キア幹部、BYDを痛烈に批判

キア中国の最高執行責任者(COO)である楊洪海氏は2月16日、個人のソーシャルメディアを通じて、6つの質問を投げかけ、その矛先をBYDと会長兼総裁の王伝福氏に向けた。

楊洪海氏は、「王伝福さん、あなたのチームをしっかり教育してください。いくら『ネット水軍』(注1)でもカッコ悪いぞ。私たちの製品を『棒子車』(注2)と呼ぶ前に、まずあなたの製品を反省してください。BYDブランド名はただの汚い言葉(注3)ではないか。あなたの製品がいつ街で自然発火しなくなるか。いつ実際の走行距離を表示できるか。いつあなたごまかさずにいられるのか。中国税関の乗用車輸出データの1位はいつあなたになるのか」と、痛烈に批判した。

それだけでなく、楊洪海氏の怒りはネットユーザーのコメント欄にも広がり、中には「(BYDは)なぜ『ネット水軍』のような下品なマーケティング手段を使っているのか」、「(キアは)世界3位で、販売台数はBYDよりずっと多く、世界で車を売って460億元の利益を上げる実力はBYDにはあるか」、「政府の補助金で食っている。顧客をごまかして金を稼ぐな」との厳しい意見を吐き出した。

楊洪海氏がBYDに痛烈に批判した理由は、潜在的なライバル関係にあるキアNew K3とBYD秦PLUS DM-iチャンピオン版の販売を巡って、ネット上で繰り広げられた韓国車を貶す言論をBYDの仕業と断定したためだとの見方もある。

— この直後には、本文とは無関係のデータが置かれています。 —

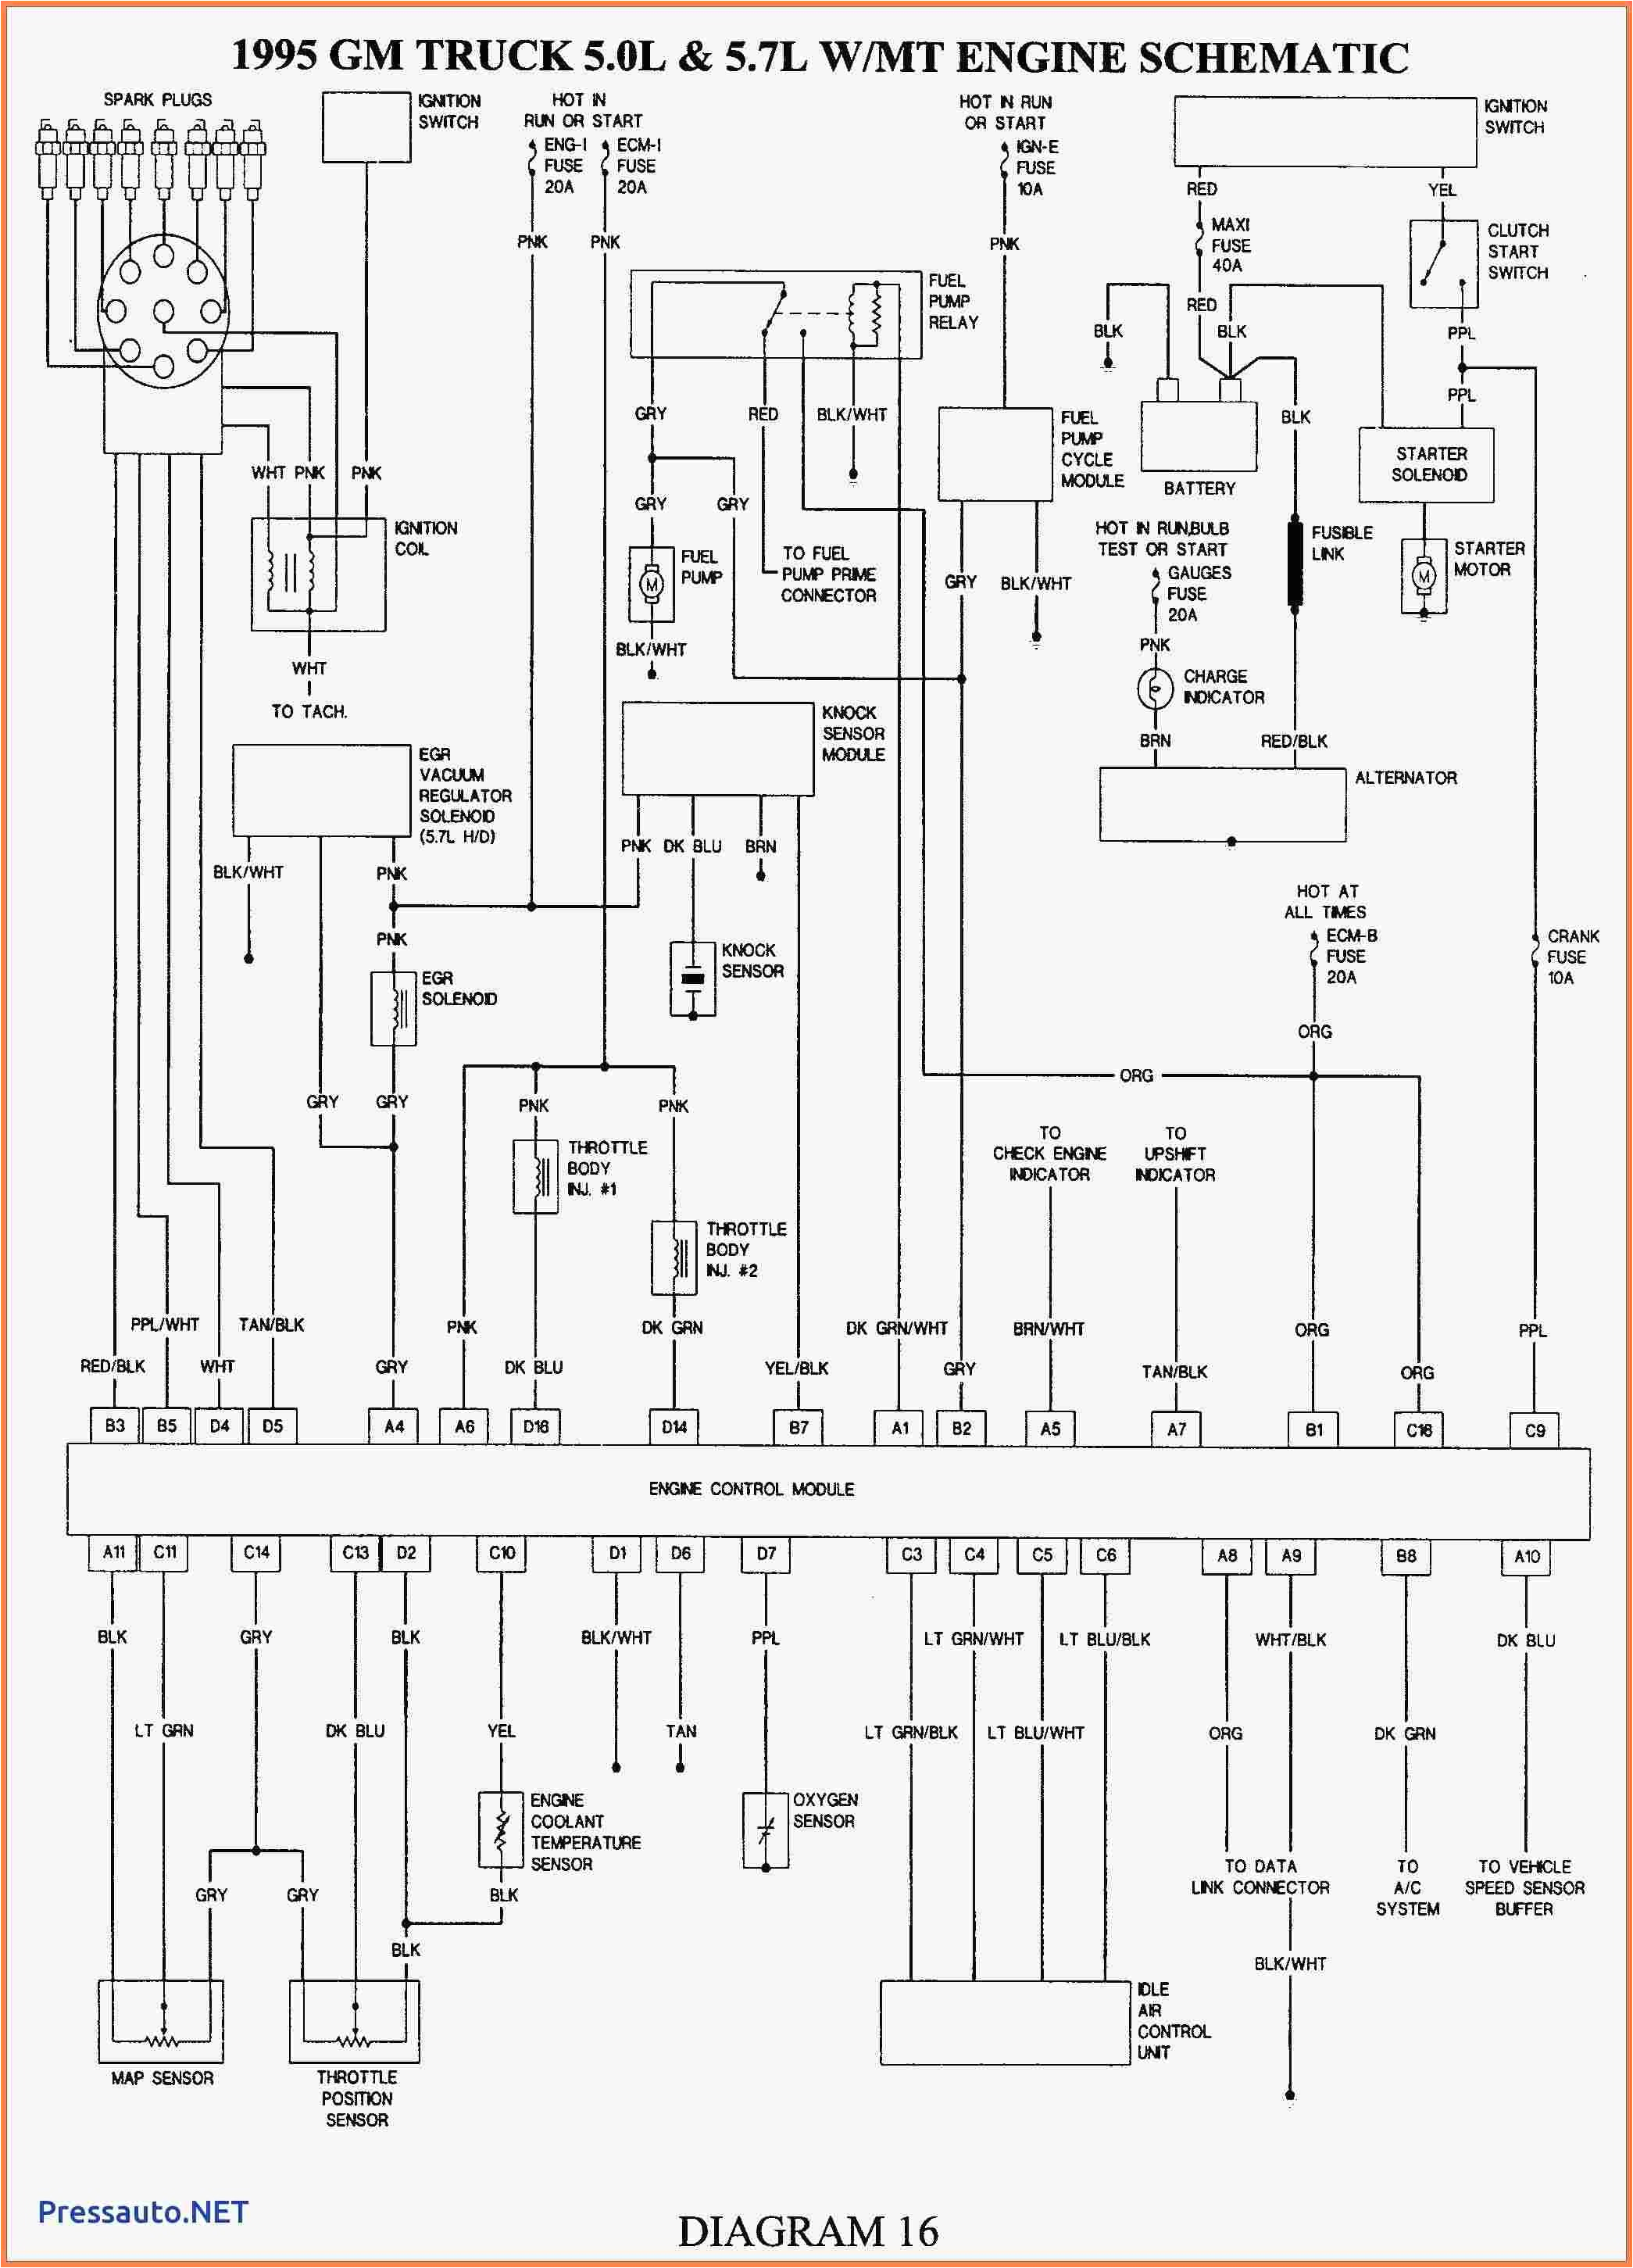 wiring diagram 2003 chevy silverado 1500 wiring diagram post 2003 chevy silverado 1500 parts wiring diagram

New K3発売の少し前、BYDは秦PLUS DM-iの2023型チャンピオン版が発表された。新車の販売価格は9.98万元で、Aクラスのプラグインハイブリッドセダンの販売価格を初めて10万元以内に引き下げた。公式データによると、秦PLUS DM-iのチャンピオン版2023型が発売から7日間で3.2万台の注文を獲得した。

注1:「棒子(バンズ)」は中国人が使う韓国・朝鮮人の蔑称。

注2:中国ではBBSやサイトで「あおりやサクラレビュー」などの書き込みは別名「注水(水増し)」とも言われているため、同一人物で複数の登録名を使って、潜り込んで「注水」をする人は「ネット水軍」と称されている。世間では、BYDは大量の「ネット水軍」を雇って自社製品に対するサクラレビューを投稿したり、競合他社の製品を貶したりしているとの噂があるが、真偽不明。

注3:BYDは、中国語名「比亜廸」の中国語発音biyadiの頭文字である。「比亜廸」の三文字は中国語では意味を持たないが、東北方言で人を罵る汚い言葉と発音が似ている。